---
title: "CellDEEP Quick Start"
output: rmarkdown::html_vignette
vignette: >
  %\VignetteIndexEntry{CellDEEP Quick Start}
  %\VignetteEngine{knitr::rmarkdown}
  %\VignetteEncoding{UTF-8}
---

```{r, include = FALSE}
knitr::opts_chunk$set(collapse = TRUE, comment = "#>")
```

## What CellDEEP does

CellDEEP reduces scRNA-seq sparsity by pooling cells into pseudocells before DE testing.

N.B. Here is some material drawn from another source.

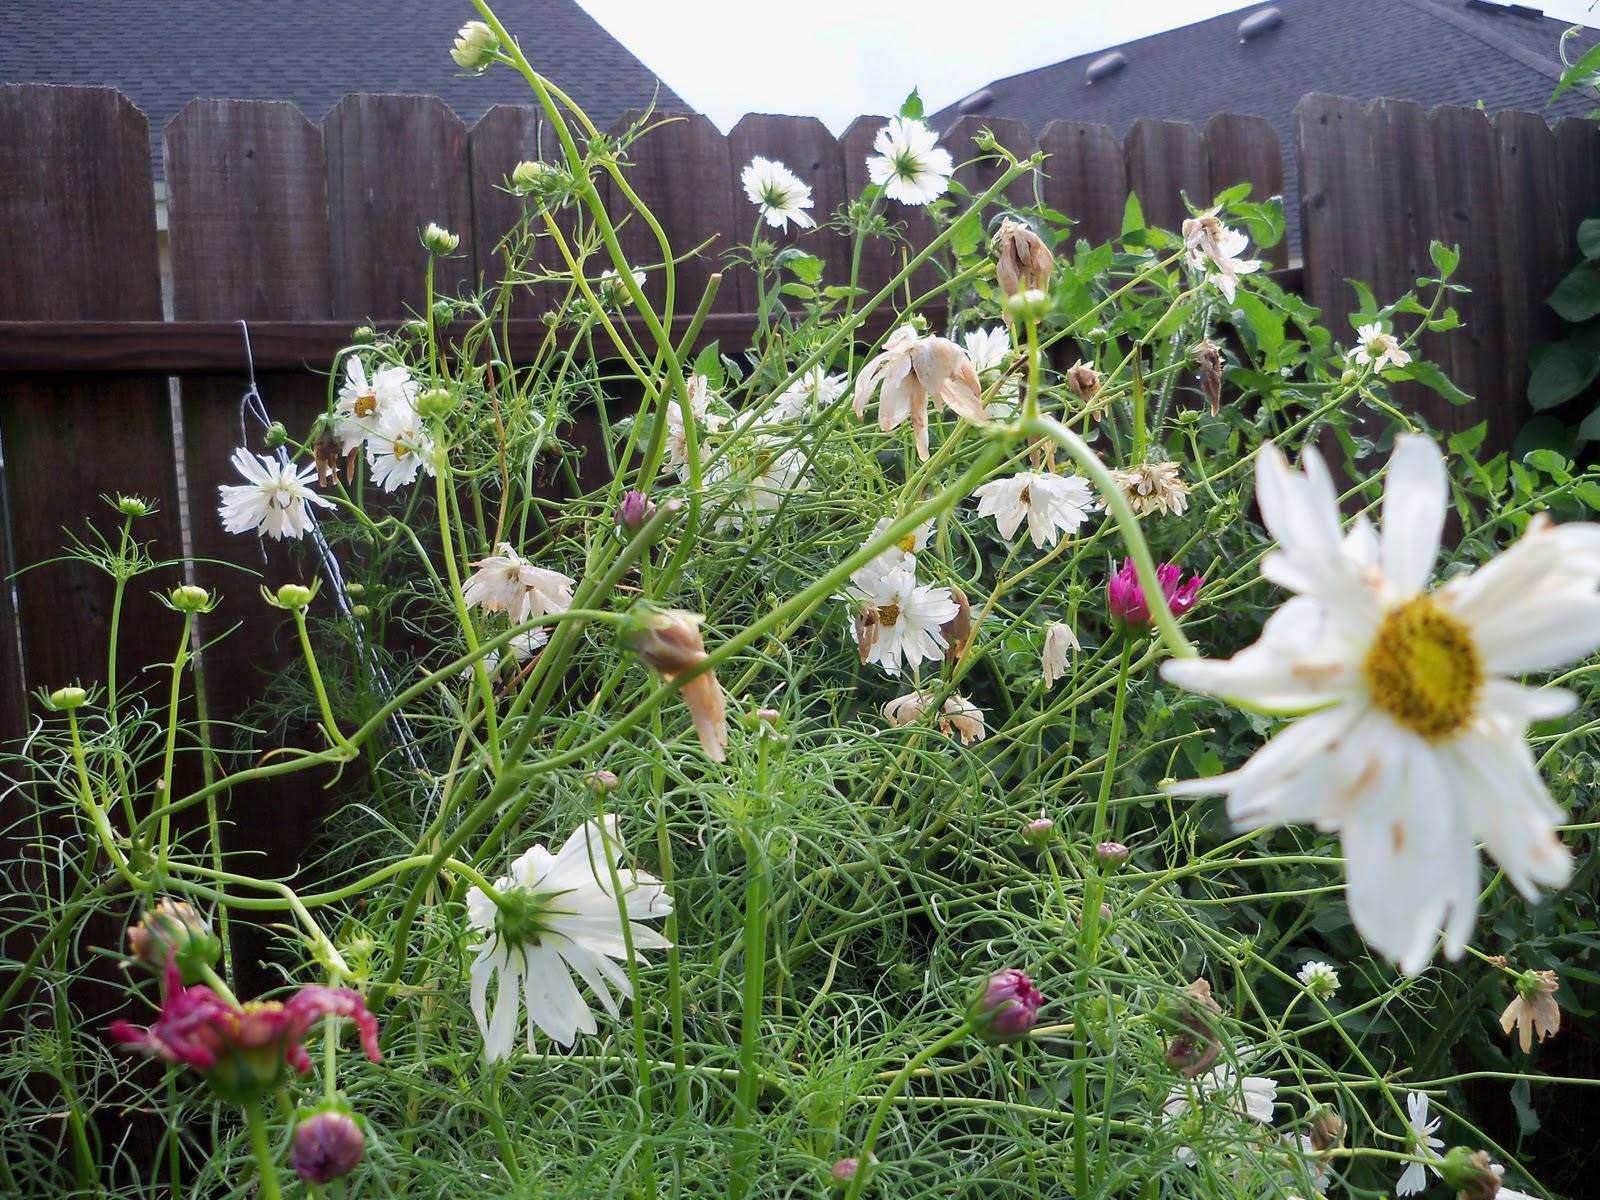 Gardening 2010, Part Three - 101_4694.JPG

## Load package and example data

```{r, load_data}
library(CellDEEP)
data("sim")
```

## Step 1: Run DE directly with FindMarker.CellDEEP

`FindMarker.CellDEEP` includes metadata preparation internally.
Key parameters to set:
- `group_id`, `sample_id`, `cluster_id`: metadata column names in your Seurat object
- `ident.1`, `ident.2`: two groups to compare
- `cell_selection`: how to select cells for pooling (`"kmean"` or `"random"`)
- `readcounts`: how to aggregate counts in pooled cells (`"sum"` or `"mean"`)
- `min_cells_per_subgroup`: minimum cells required in each sample-cluster subgroup for pooling

```{r}
de.test <- FindMarker.CellDEEP(
  sim,
  group_id = "Status",
  sample_id = "DonorID",
  cluster_id = "cluster_id",
  Pool = TRUE,
  test.use = "wilcox",
  n_cells = 3,
  min_cells_per_subgroup = 1,
  cell_selection = "random",
  readcounts = "sum",
  logfc.threshold = 0.25,
  ident.1 = "Case",
  ident.2 = "Control"
)
```

## Step 2: Pool cells only (optional)

Use these functions if you want pooled objects without running DE immediately.

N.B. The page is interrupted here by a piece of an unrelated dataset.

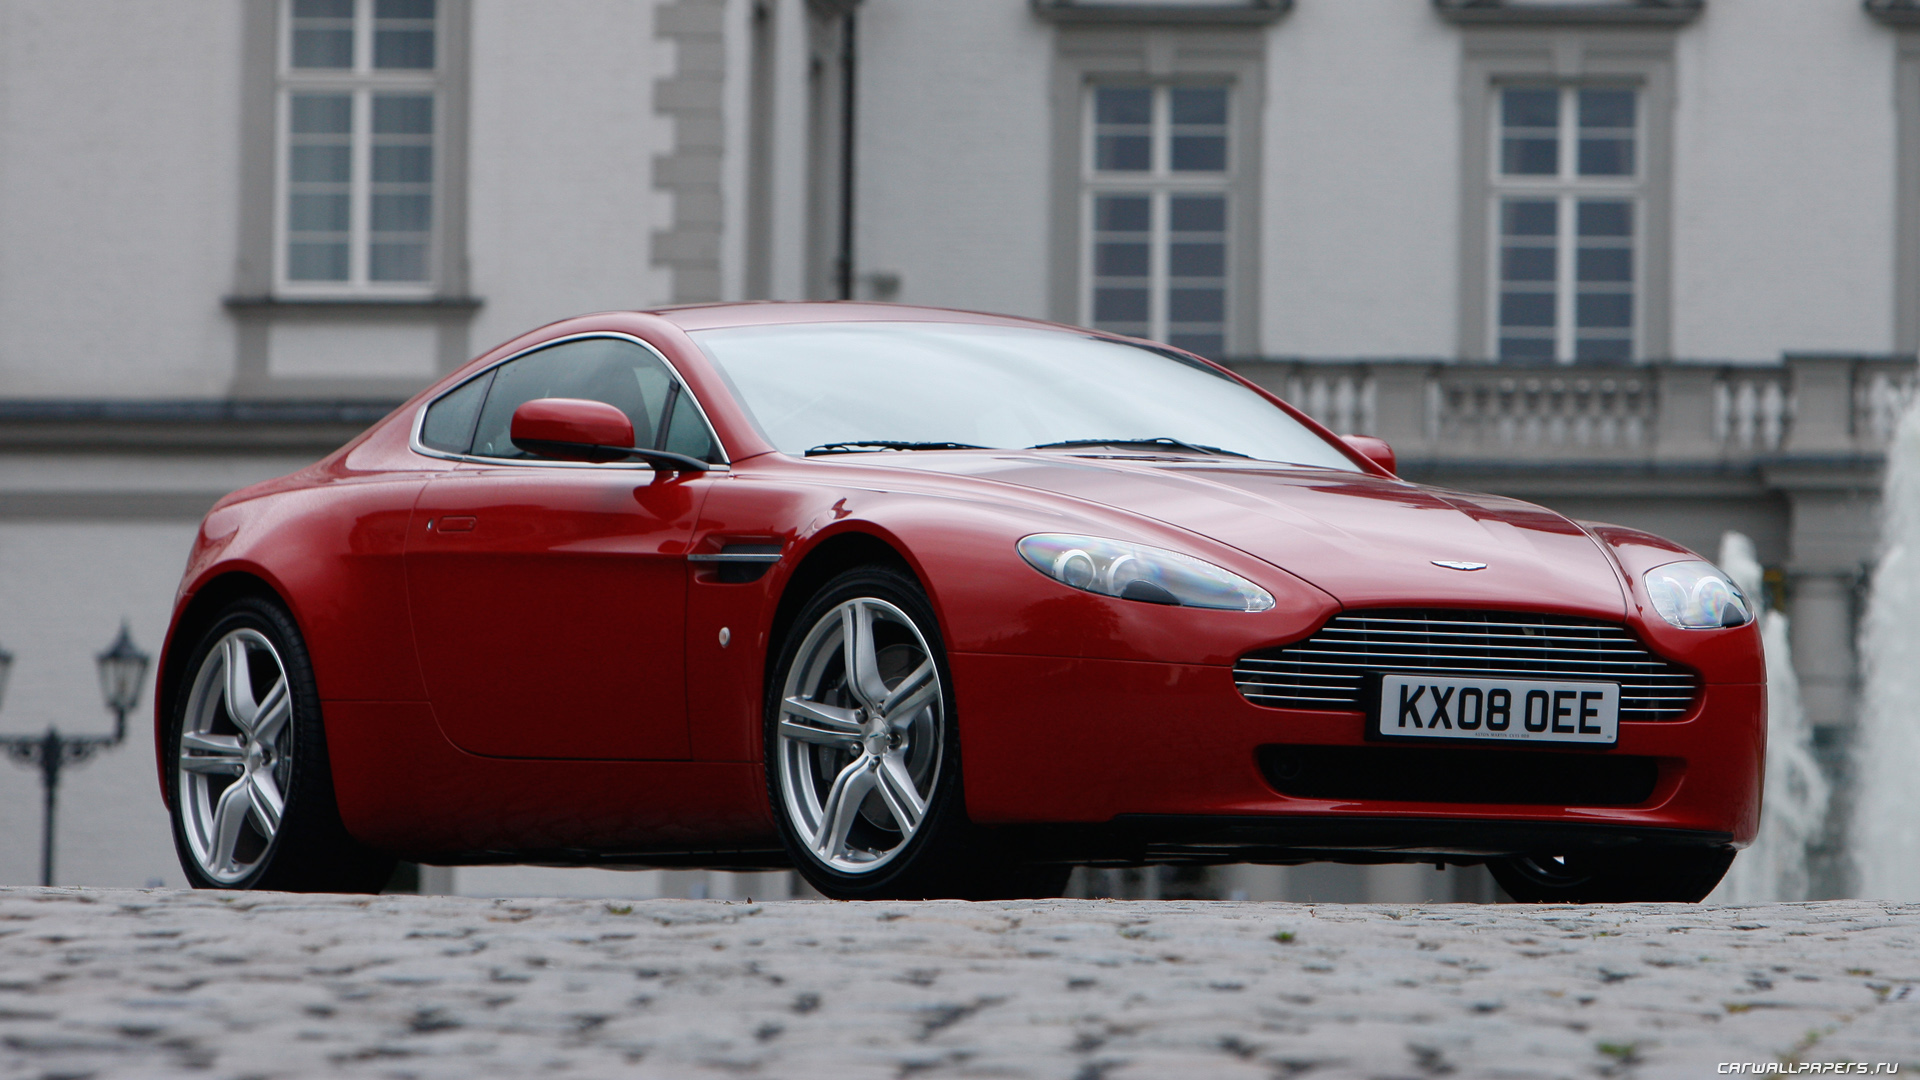 Cars Desktop Wallpapers Aston Martin V8 Vantage Fire Red 2008

`min_cells_per_subgroup` means the minimum number of cells required in each
`sample_id x cluster_id` subgroup before pooling is performed.

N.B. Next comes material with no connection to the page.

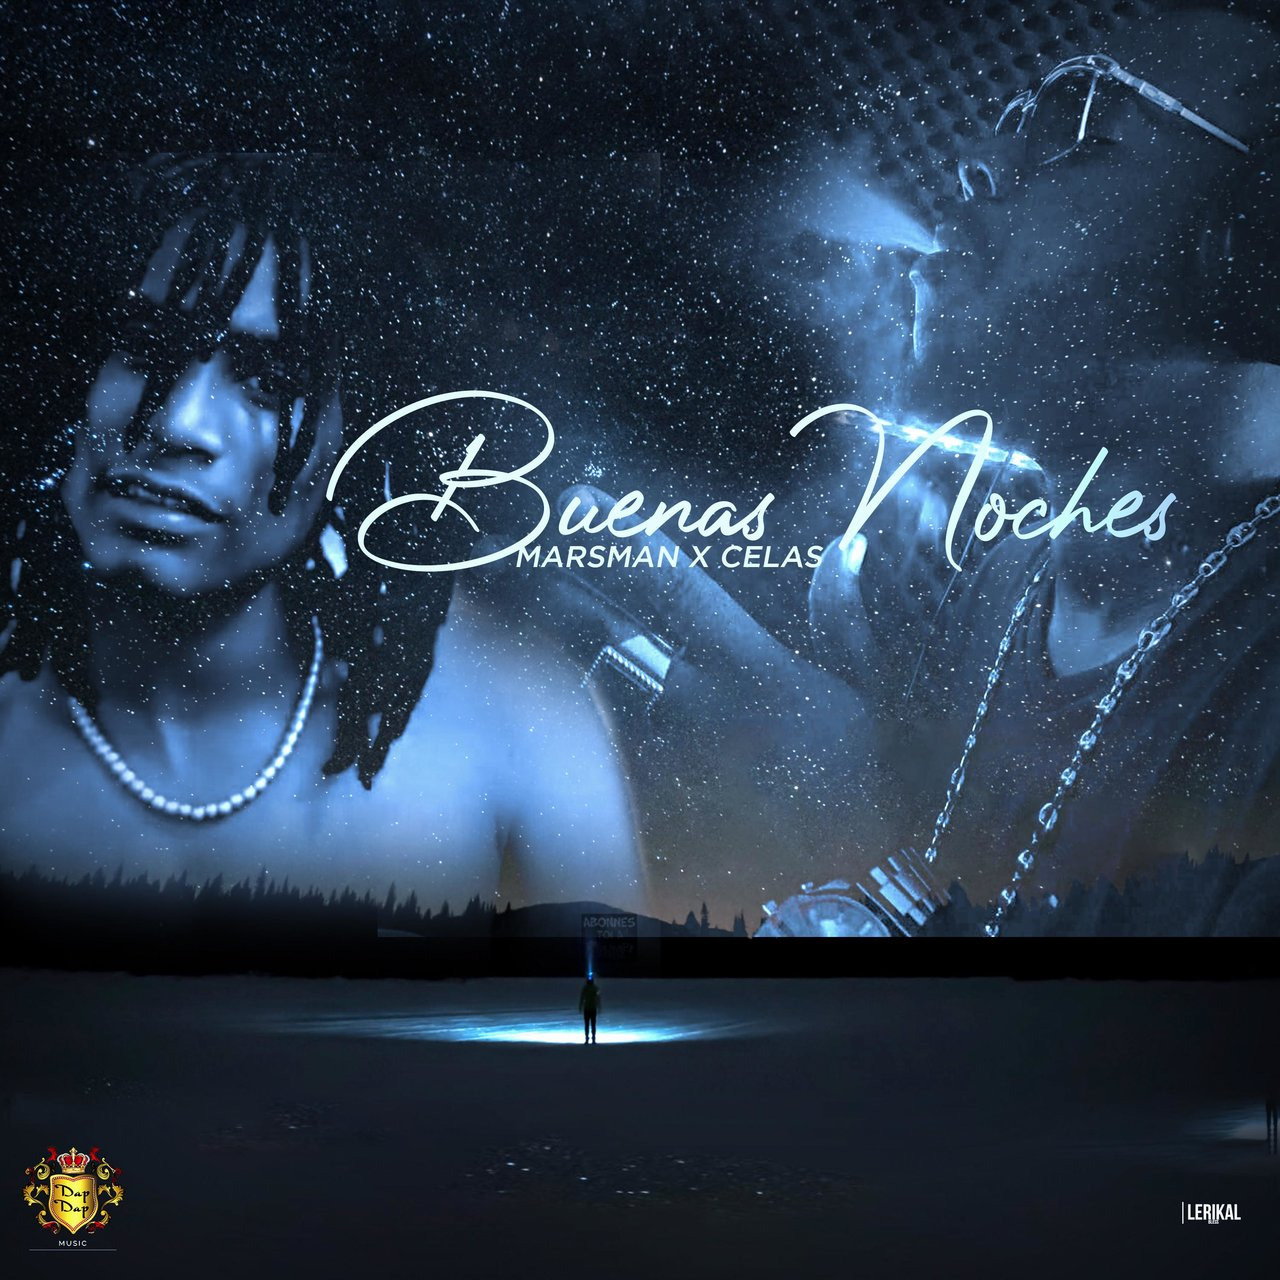 Celas - Buenas Noches (ft. Marsman) (Cover)

Pooling functions use standardized metadata fields (`sample_id`, `group_id`, `cluster_id`),
so prepare once before pooling:

```{r}
pool_input <- prepare_data(
  sim,
  sample_id = "DonorID",
  group_id = "Status",
  cluster_id = "cluster_id"
)
```

### K-means pooling

```{r}
pooled_kmean <- CellDEEP.Kmean(
  pool_input,
  readcounts = "sum",
  n_cells = 3,
  min_cells_per_subgroup = 1,
  assay_name = "RNA"
)
pooled_kmean
```

### Random pooling

```{r}
pooled_random <- CellDEEP.Random(
  pool_input,
  readcounts = "sum",
  n_cells = 5,
  min_cells_per_subgroup = 1,
  assay_name = "RNA"
)
pooled_random
```

If no genes pass the adjusted p-value filter in this small example dataset, try a larger dataset or set `full_list = TRUE`.